■ Your assignment ■
The answer must reproduce all of the data below exactly and contain no images.

■ Supplied information ■
----

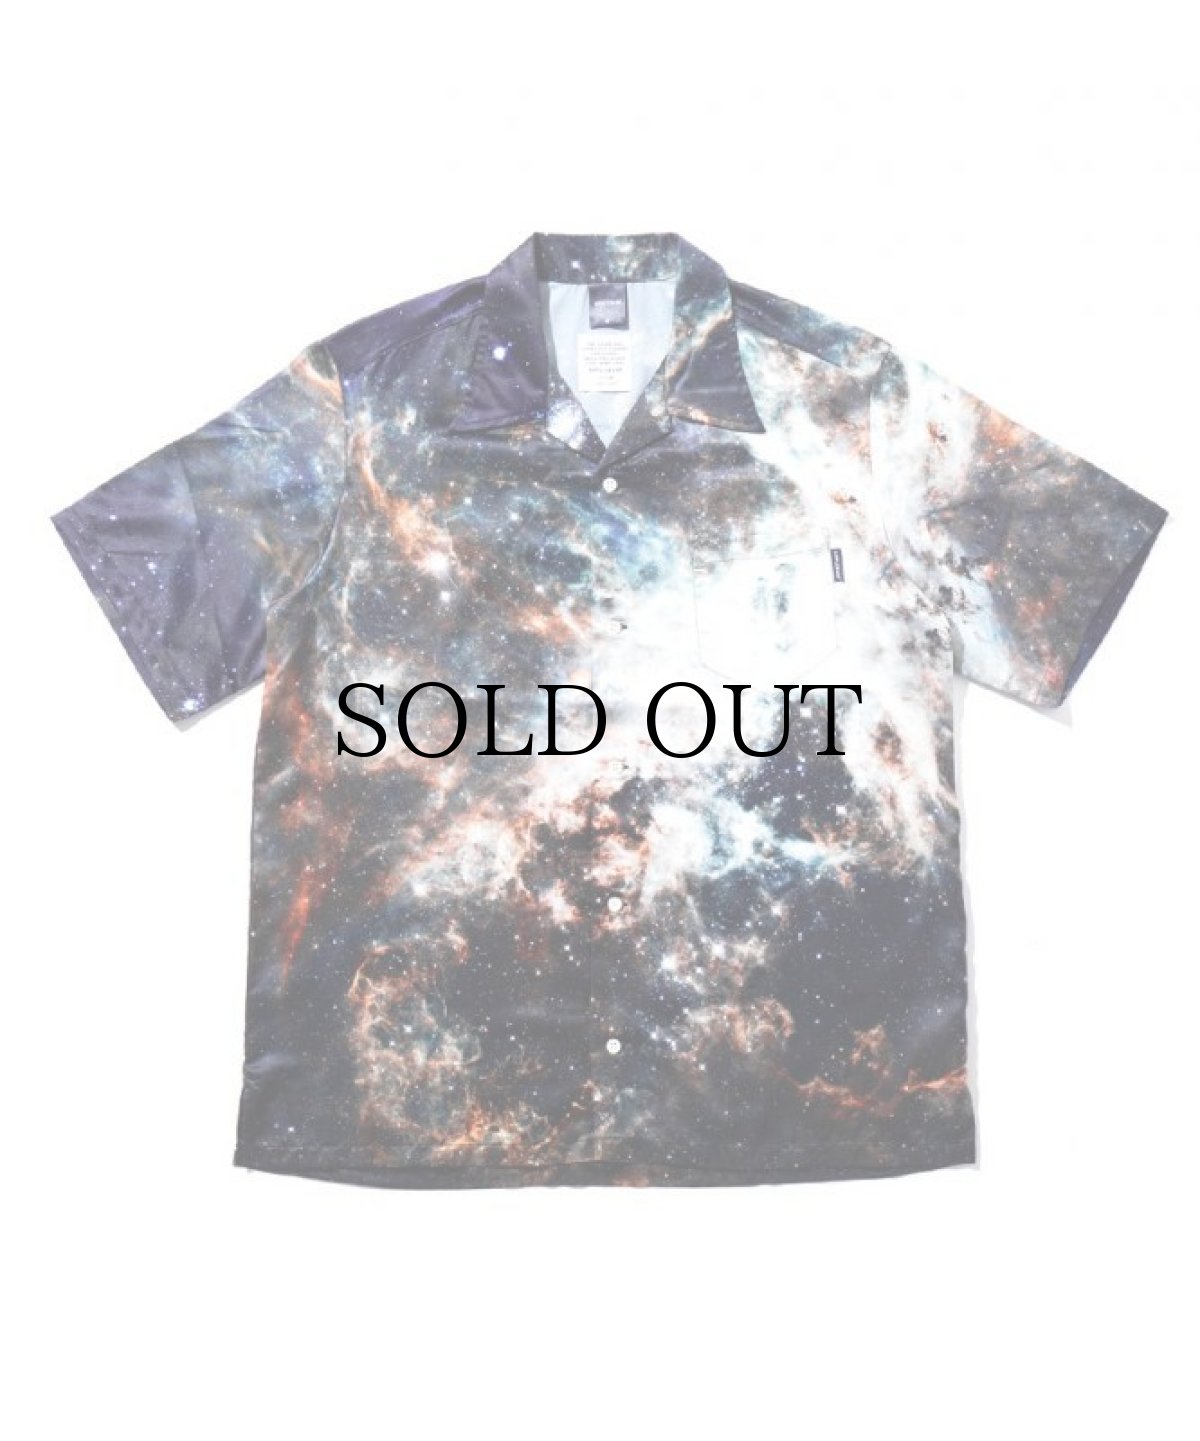 画像1: APPLEBUM / "Nebula" S/S Aloha Shirt (1)
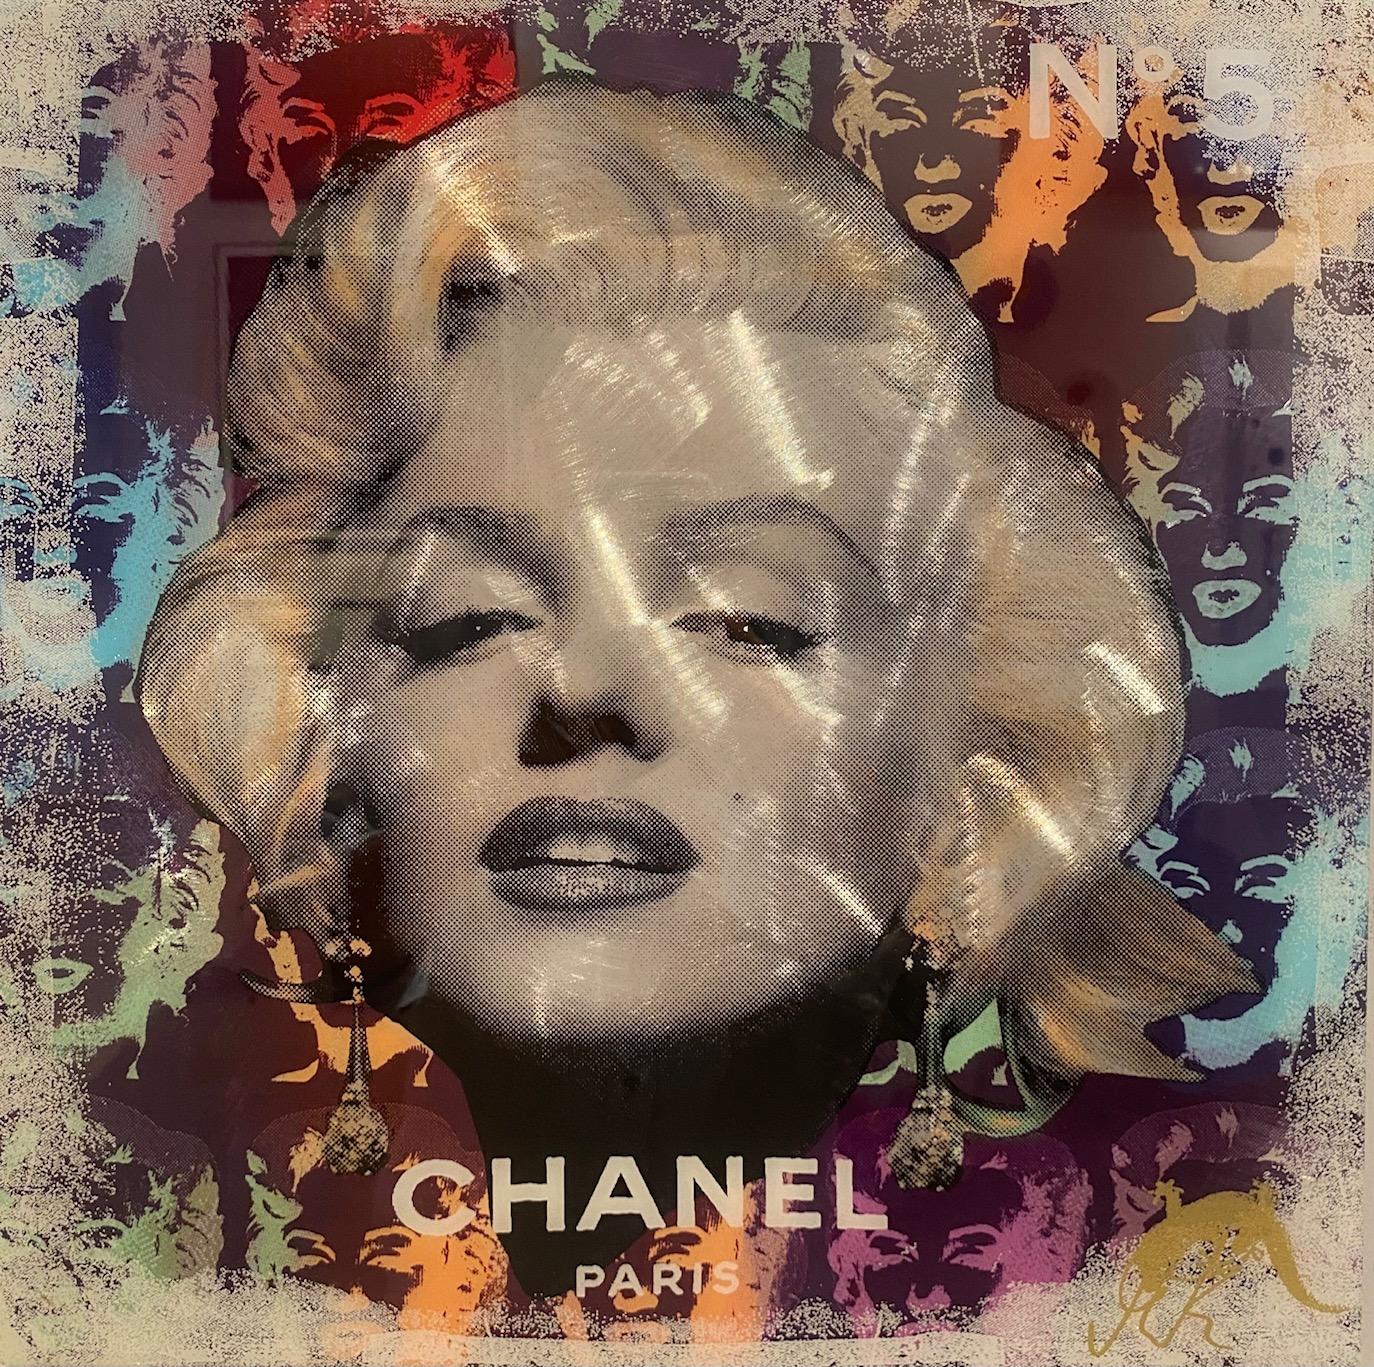 Chanel No. 5 - zeitgenössisches Originalporträt einer Pop-Art-Ikone von Marilyn Monroe – Mixed Media Art von Devin Miles
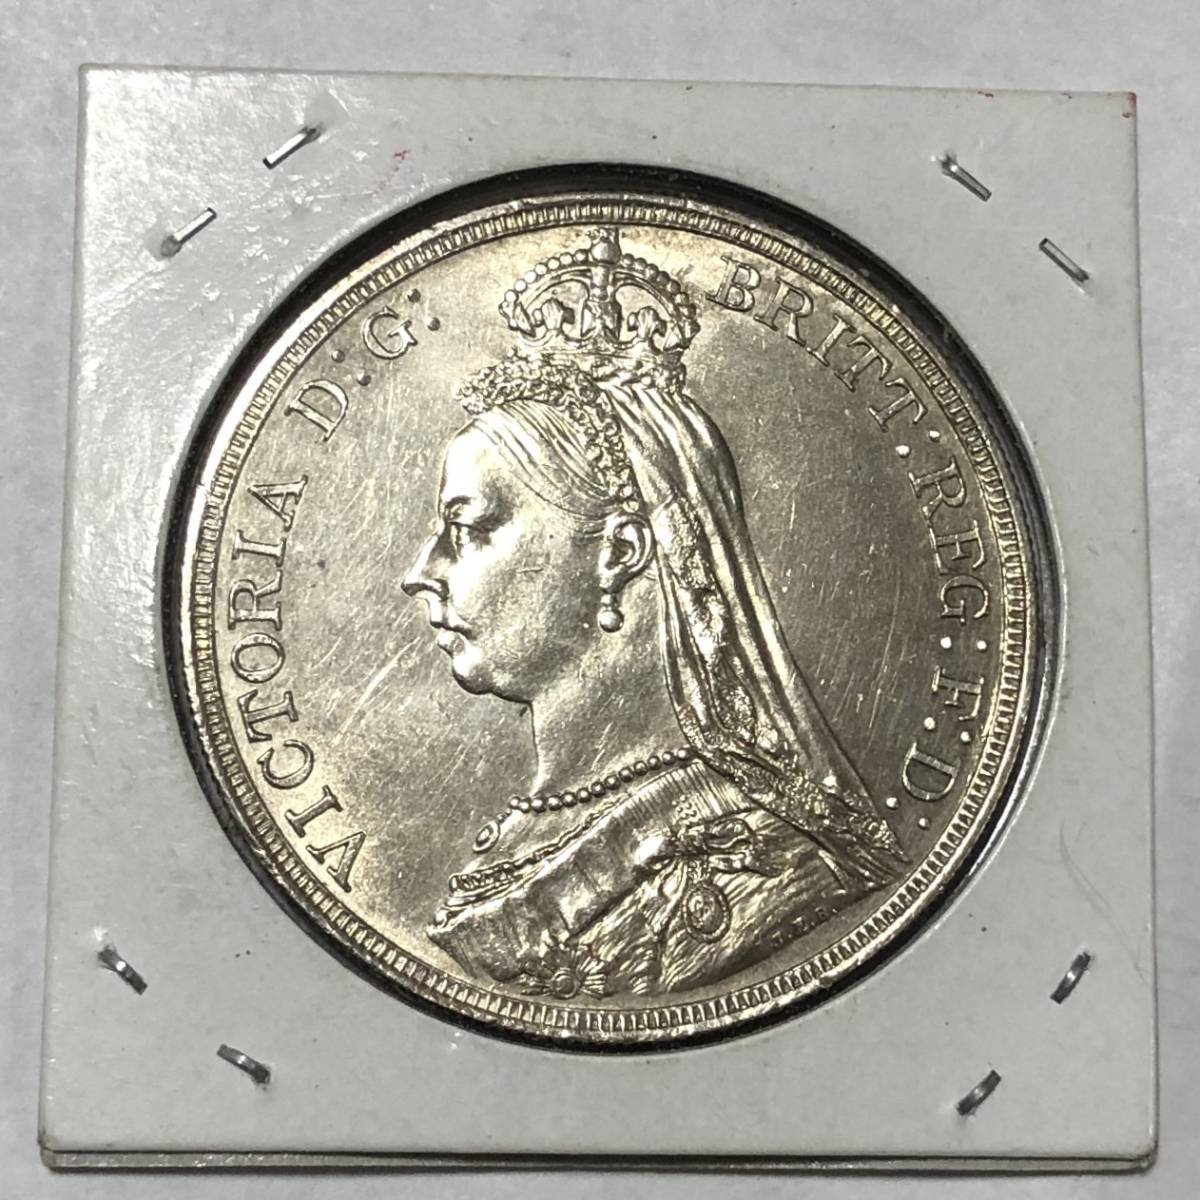  原文:イギリス 1887年 ヴィクトリア女王 大型銀貨 未使用

----

■ Your solution ■
 画像1: APPLEBUM / "Nebula" S/S Aloha Shirt (1)
 Chanel No. 5 - zeitgenössisches Originalporträt einer Pop-Art-Ikone von Marilyn Monroe – Mixed Media Art von Devin Miles
  原文:イギリス 1887年 ヴィクトリア女王 大型銀貨 未使用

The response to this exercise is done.